Watershed Hierarchies

Automatic watershed decomposition of large grid terrains

Introduction

Hydrologists use DEMs to study river networks of terrains in order to manage drinking water supplies, track pollutants, create flood maps, and more. Often it is not necessary to study the entire terrain or river network at once; frequently interest is only on regions that are downstream of a particular river, or the upstream areas that contribute flow to a particular river. By decomposing the terrain into a set of disjoint hydrologic units (or watersheds) — regions where all water within the region flows towards a single, common outlet — areas of interest can quickly be identified without having to examine the entire terrain. Since the desired size of a unit can vary from application to application, it is advantageous to have a hierarchical decomposition of the terrain into nested units of arbitrary small size. Furthermore, it is useful if the (smallest) units are assigned a unique label that also encodes topological properties such as upstream and downstream neighbors; thus making it possible to automatically identify hydrological units of interest based on the label alone.

Issues

Some of the main disadvantages of most of the current methods for determining hydrological units on grid DEMs are that they are either very ad-hoc and manual, or automatic but simple and without naturally defining a hierarchical decomposition that encode topological properties. For example, the Hydrologic Unit System developed by the Water Resources Division of the United States Geological Survey (USGS) defines a hierarchical decomposition of the terrain in the United States. At the top level, the US is divided into 21 regions which are further divided into 222 sub-regions; sub-regions are further divided into basins, sub-basins, watersheds and sub-watersheds, offering a total of six levels of decomposition. The USGS assigns a hydrologic unit code (HUC) to each hydrologic unit. A HUC is a two to twelve digit code where each pair of successive digits indicate the region, sub-region, basin, sub-basin, watershed, and sub-watershed, respectively. Refer to Figure 1. Two of the main disadvantages of the HUC codes are that they are obtained manually (i.e. there is no automatic way to compute the codes for a given DEM), and that they are for the most part assigned arbitrarily (i.e. they do not encode topological information).

Figure 1:

Huc03020201
Huc030202
Upper Neuse River (HUC 03030301) Neuse River (HUC 030202)
Huc0302
Huc03
Neuse Pamlico (HUC 0302) South Atlantic (HUC 03)

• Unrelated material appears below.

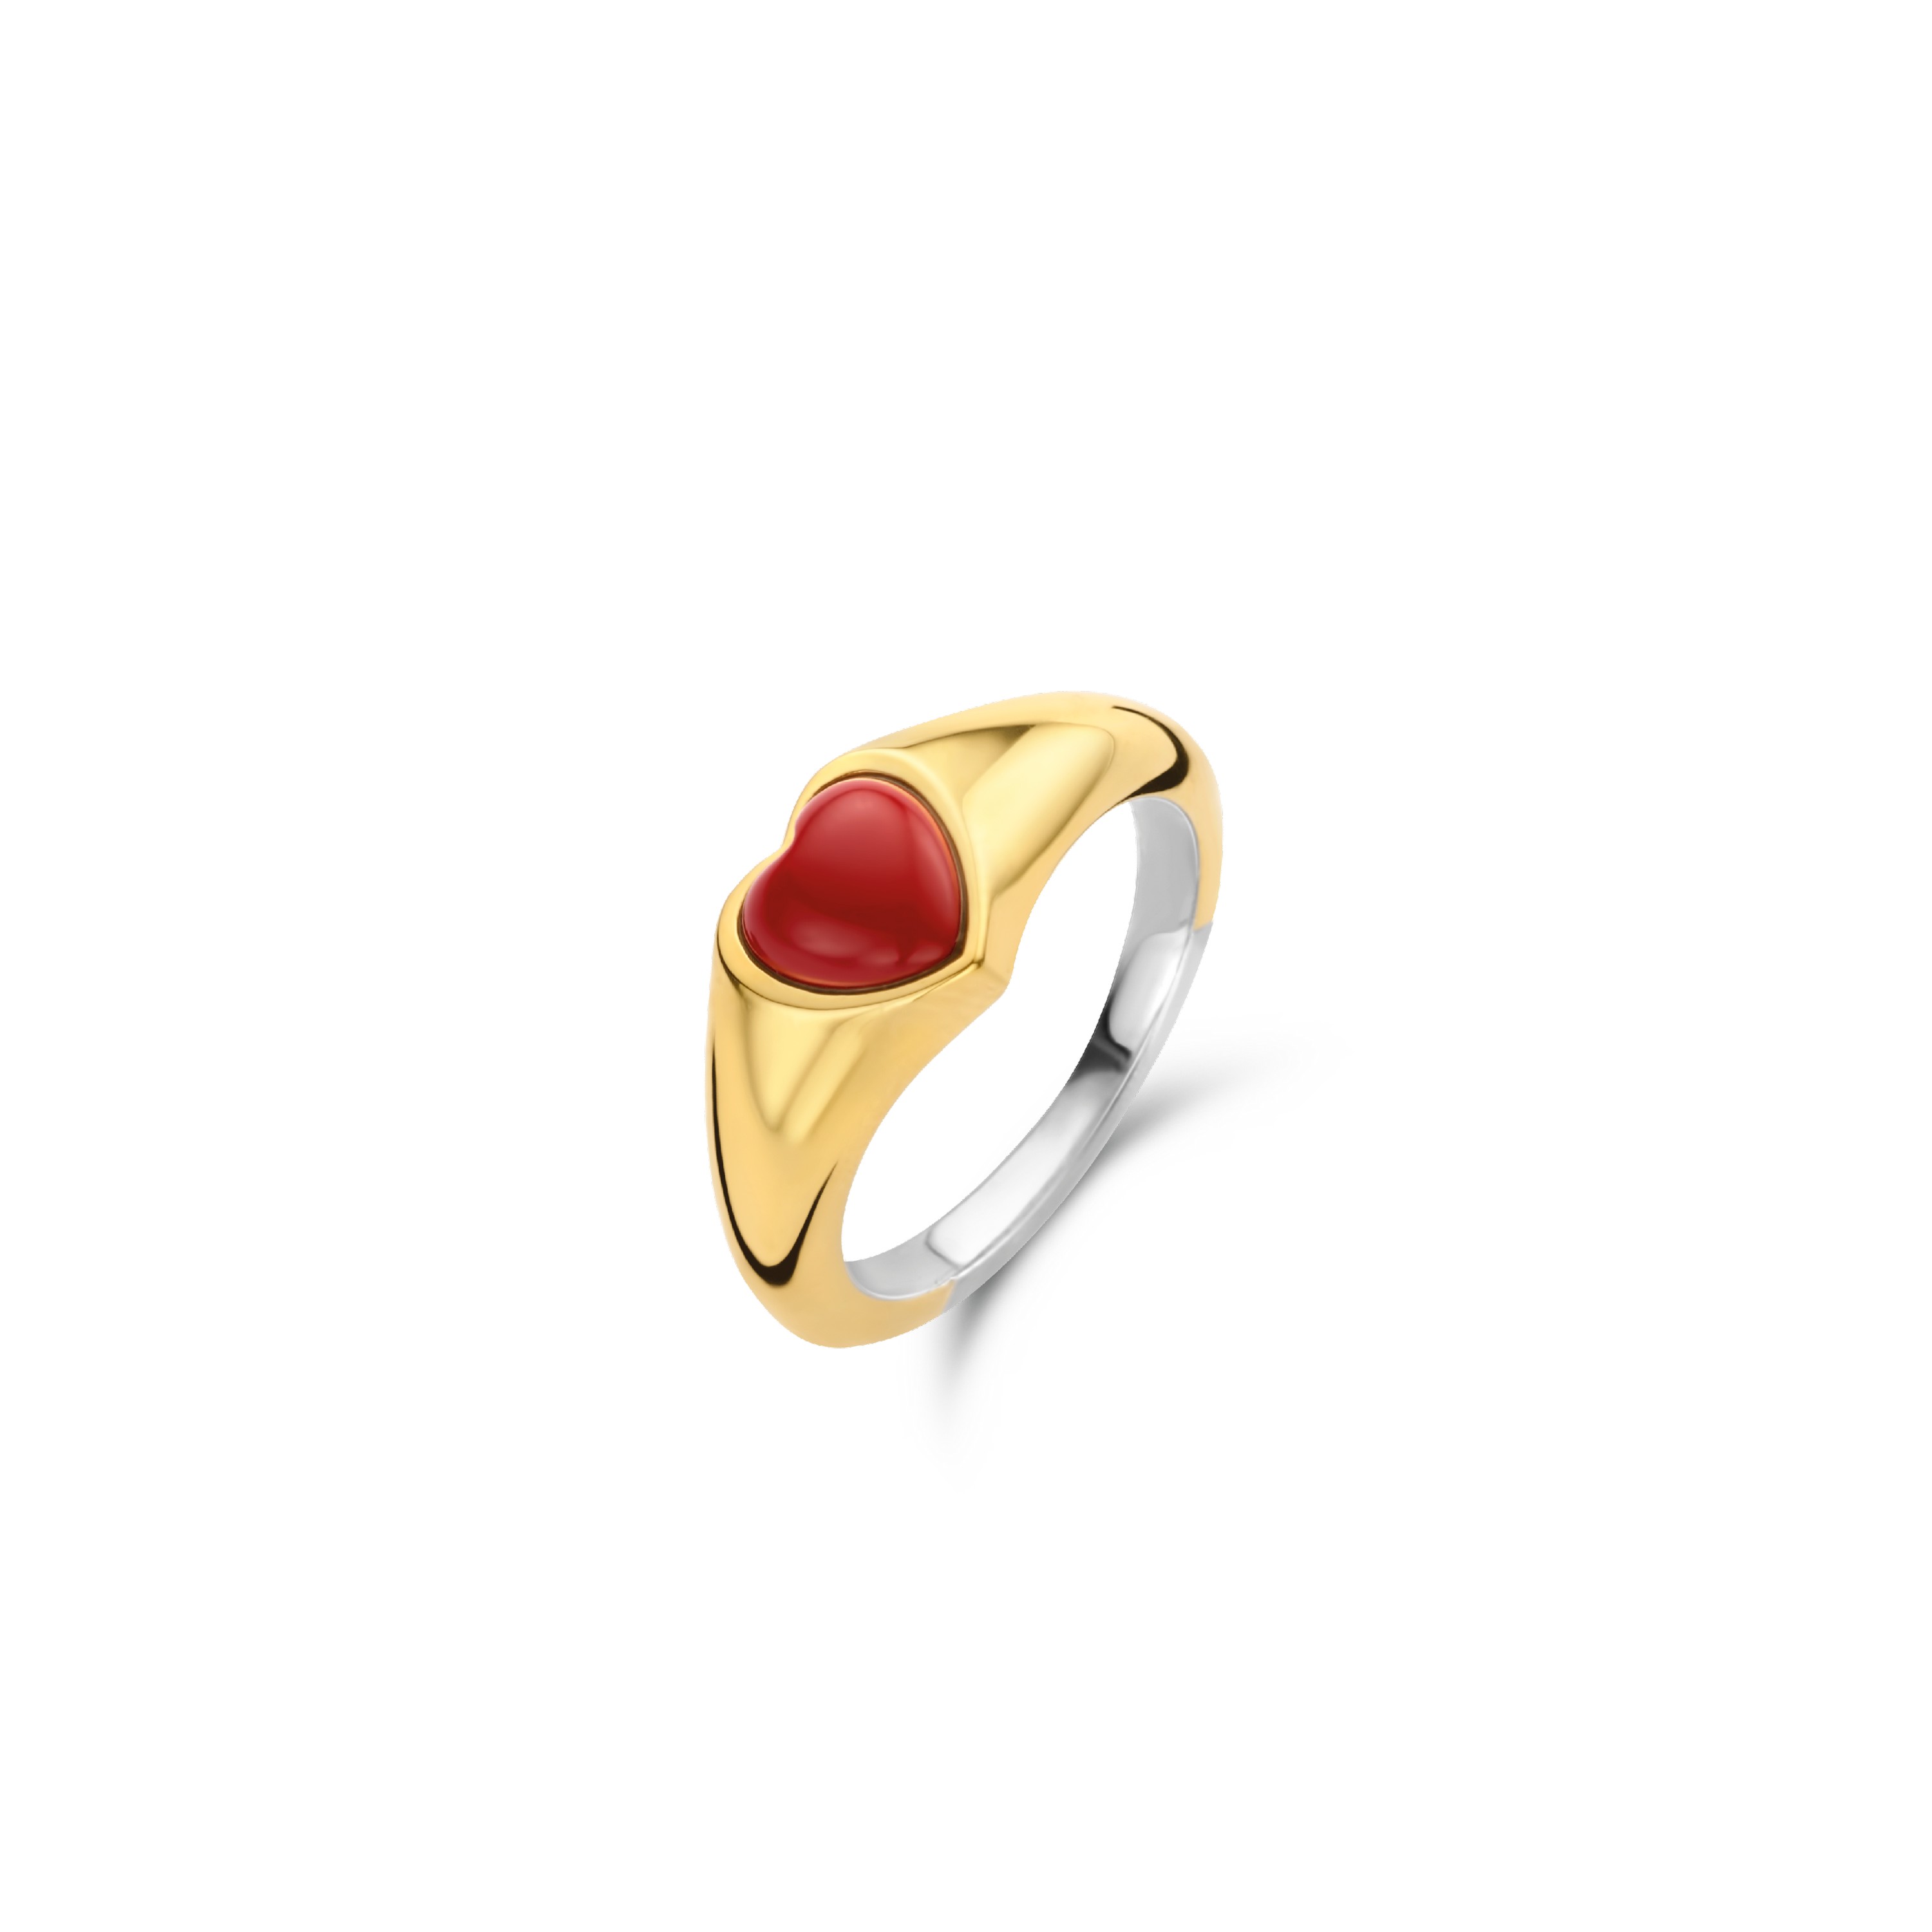 TI SENTO - Milano Ring 12220CR Gala Jewelers Inc. White Oak, PA

One automatic method, the Pfafstetter labeling method by Verdin and Verdin, can be used to hierarchically divide a terrain into arbitrarily small hydrological units, each with a unique label, such that these so-called Pfafstetter labels encode topological properties. Given a (main) river R in a terrain and its basin, that is, the contiguous area that drains into R, the method divides the basin into nine disjoint hydrological units: four basins and five interbasins. The four basins are the four largest basins of the rivers flowing into R; they are labeled 2, 4, 6, and 8 in the order they appear upstream along R. The interbasins are then defined by "breaking" R at the places where the four rivers with largest basins flow into R; they are labeled 1, 3, 5, 7, and 9, in the order they appear upstream along R. To obtain a hierarchy of hydrological units, the method is then applied recursively on each basin and interbasin, and labels of the subdivided regions are appended to the existing label of the original region. Thus, subdivisions further down the hierarchy have longer labels. Refer to Figure 2.

Figure 2:  
Pfafstetter level 1
Pfafstetter level 2
A division of a river basin into nine basin/interbasins and recursive subdivision of interbasin 9

Our Approach

We developed an efficient algorithm for computing Pfafstetter labels on grid DEMs. Our algorithm is efficient both when the DEM fits in main memory and when it does not. With the recent progress in remote sensing technology, such as LIDAR, massive DEMs that do not fit in memory are increasingly becoming available. Our algorithm process such a massive DEM I/O-efficiently, using no more than the number of I/Os needed to sort the output labels. The algorithm is based on I/O-efficient tree processing algorithms, as well as an I/O-efficient version of a so-called Cartesian tree.

Our Results

Figure 3:

Watershed
boundary comparisions

Comparison of Pfafstetter label regions to
USGS HUCs in the French Broad–Holston
river basin (HUC 060101). Common boundaries
are generally in good agreement.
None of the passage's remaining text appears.